20Oct

I know the national news is beating the supply chain issues for computer chips and food shortages to death, but I’m yet to see a news outlet talk about supply issues affecting thermal papers.  I hope that this article helps put into perspective what we, paper people, are potentially facing soon.

First, we all know about the rapid-fire increase announcements from the paper mills, over the past few months.  To recap, this was essentially based on a huge increase in demand, a chemical shortage for thermal coatings, lack of coating capacities, base paper shortages, and distribution interruptions.

There is no doubt that this is not a fun time for printers, converters, and those selling these items.  We are all exhausted from the pricing conversations and not being able to meet delivery requests. 

I fear that we are reaching a breaking point where companies may not be able to honor pricing from a quote to delivery basis.  In my 22 years in print, I never would have imagined this thought may have crossed my mind.  However, after lots of research and conversations with fellow industry experts, my fears may inevitably become a reality.

Here is my logic.  When a client requests a quote, pricing is compiled based on “current” or “known” costs.  These quotes rarely turn into actual production orders immediately.  Once an order is received, materials must be allocated for the job.  This is where things are getting crazy!  It seems like more times than not; certain components must be ordered from suppliers.  This may include paper, ink, dies, glue, cores, cartons, etc.  The issue is that all these base component suppliers are having issues in their supply chain and maybe experiencing labor issues as well.   In other words, delivery of the needed components may be delayed or extended deliveries are offered.  Items that in January 2021 took 1-2 weeks can/are taking 8-15 weeks to receive.  Yes, you heard that correctly; 15 weeks or almost 4 months!  These companies are experiencing huge increases in costs and are passing them on, in the form of percentage price increases. 

Looking forward to an example, the printer orders paper today is acknowledged with a delivery of 10 weeks.  In 2 weeks after this order is placed and acknowledged, a nice 10%+ increase is announced by the mill.  Many of these increases are based on when the product delivers and not when the product is ordered.  This means that the printer must re-issue purchase orders for already ordered products.  If they choose to simply cancel the order, there are often no other sourcing options. 

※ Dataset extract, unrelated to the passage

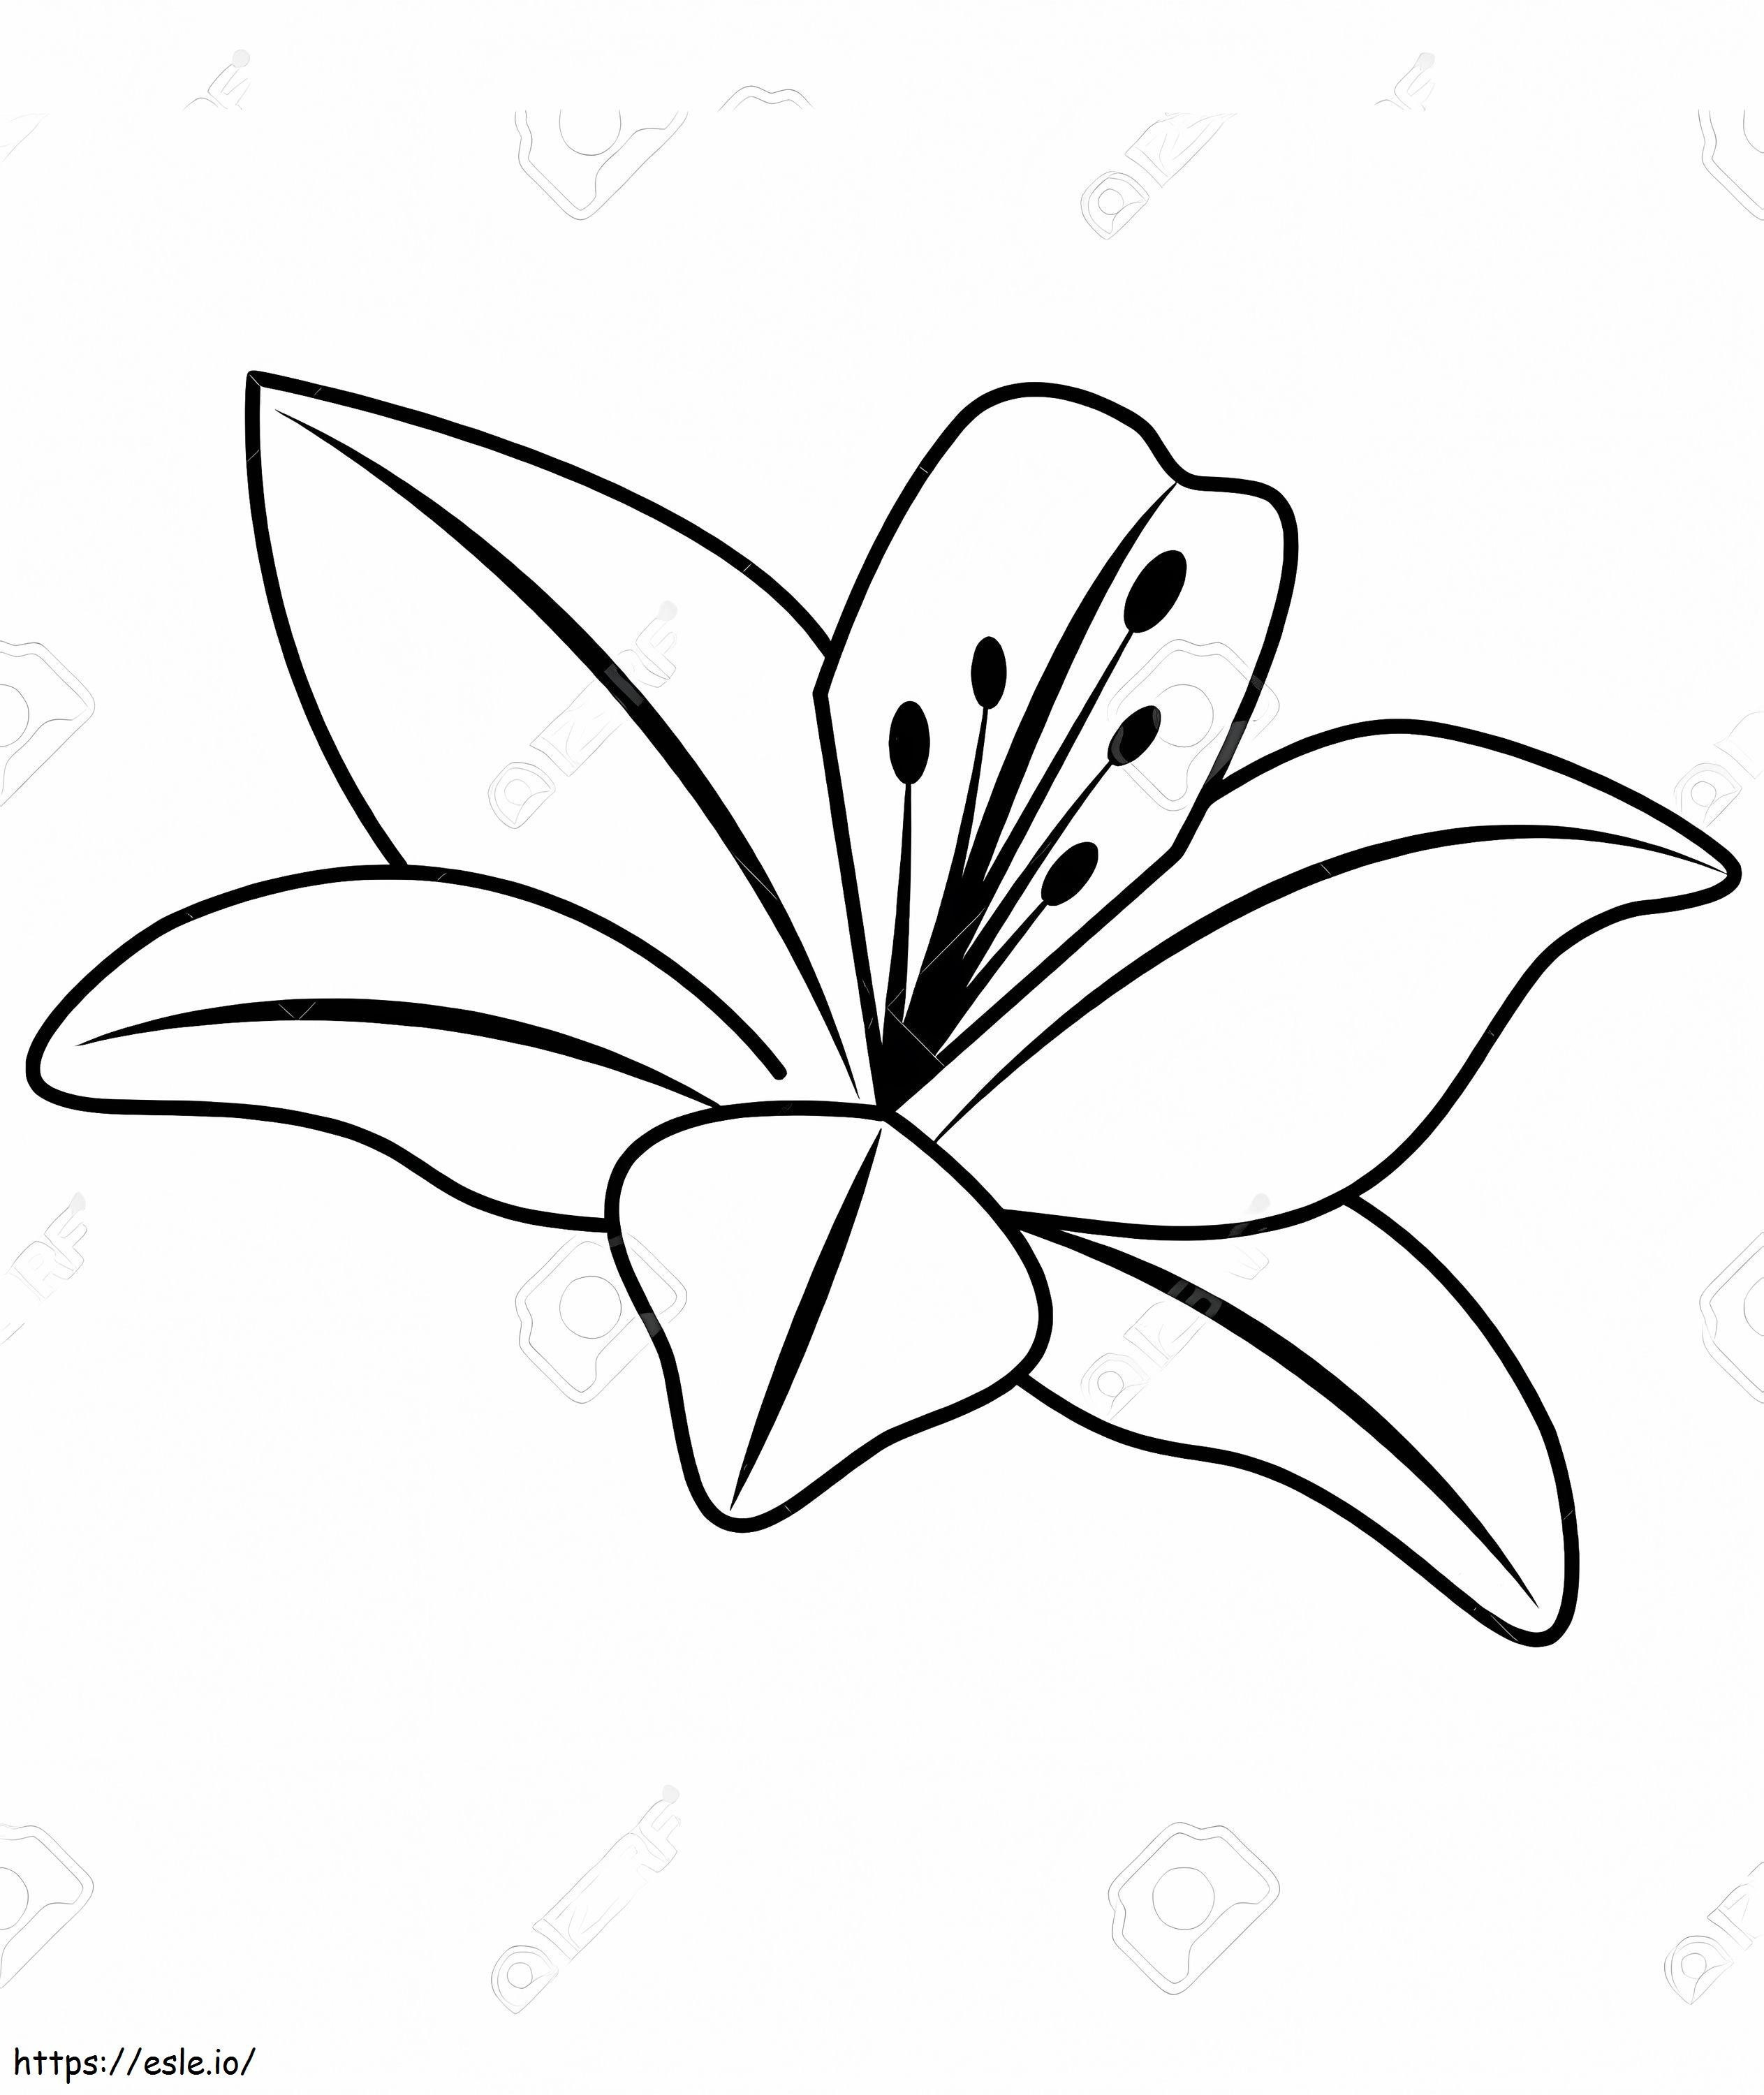 flor de lirio 2 para colorear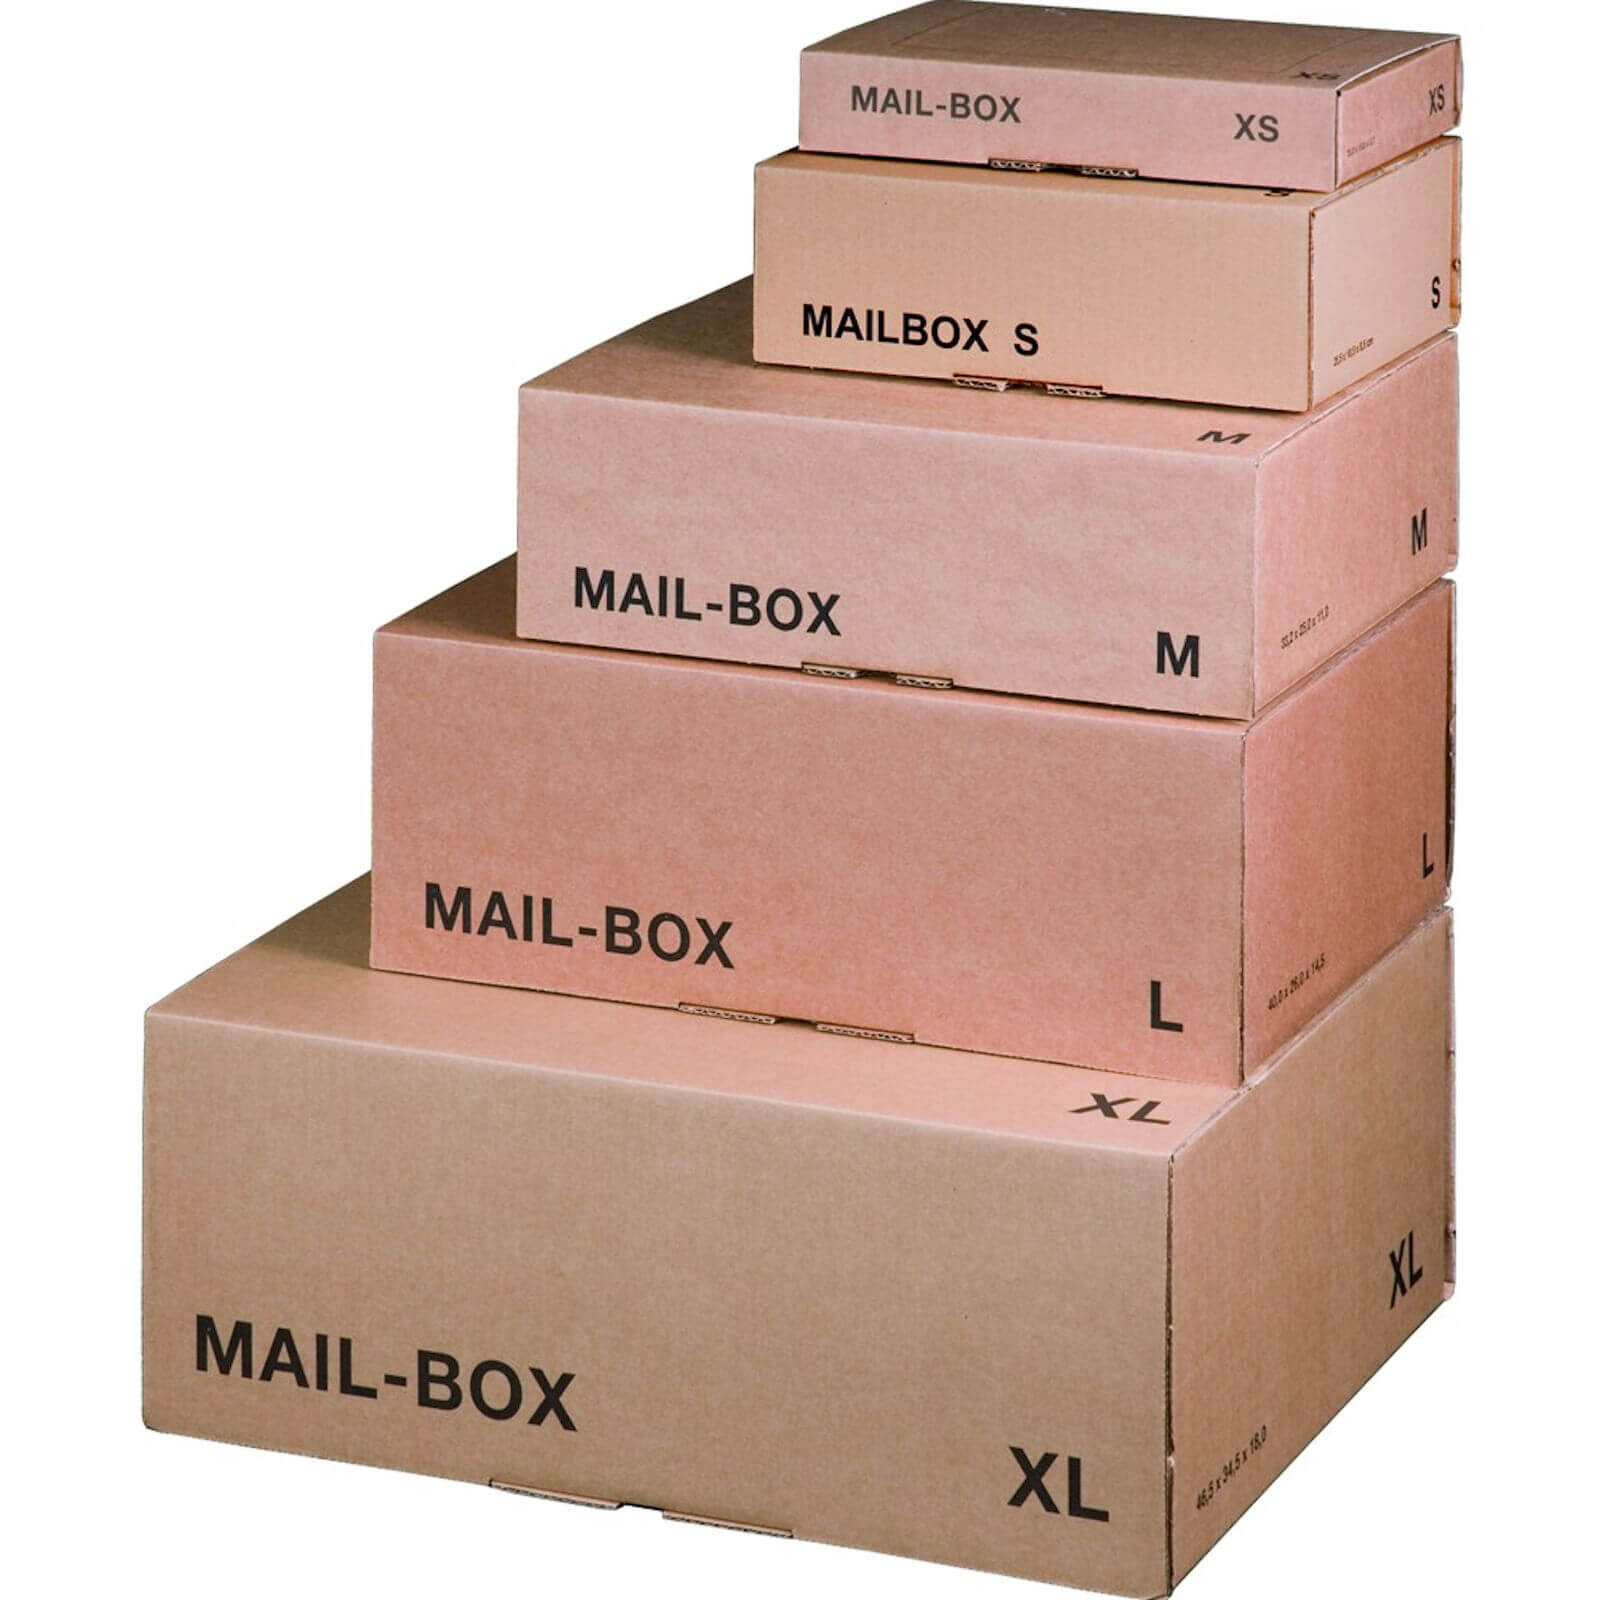 Размер коробки а5. Картонные коробки Размеры. Коробки для посылок. Размеры картонных коробок. Упаковочная коробка для посылки.

For example, if a project is quoted at $10.00 msf and the order is received immediately.  The paper is not currently on hand and must be ordered from the mill at $10.00 msf.  The paper order is received and acknowledged by the mill at $10.00 msf.  Fast forward 2 weeks to an announcement of an immediate price increase of 10%, the printing company must now re-issue the Purchase order for $11.00 msf, to keep the order alive.  When the paper arrives and the job is printed, there is already a 10% paper price increase applied to the job.  Printing companies can only continue to absorb these unexpected increases for so long. 

I fear that eventually, printing companies will have to contact clients, weeks after accepting an order, with news of price changes and have Purchase orders re-issued to cover the unexpected increase in costs.  This is a big blow to a stable pricing methodology as well as a big ding to the manufacture’s reputation with the client.  Neither of which have been deemed “good business practices” over the past century.

Where does this leave me today?  This leaves me with feelings of uncertainty, anxiety, frustration, and fatigue.  I am always looking for the “light at the end of the tunnel” but currently, we must be going around a sharp turn, because the only lights I see are the ones we can turn on ourselves through positive dialog, positive memories, and positive thoughts that this too will end.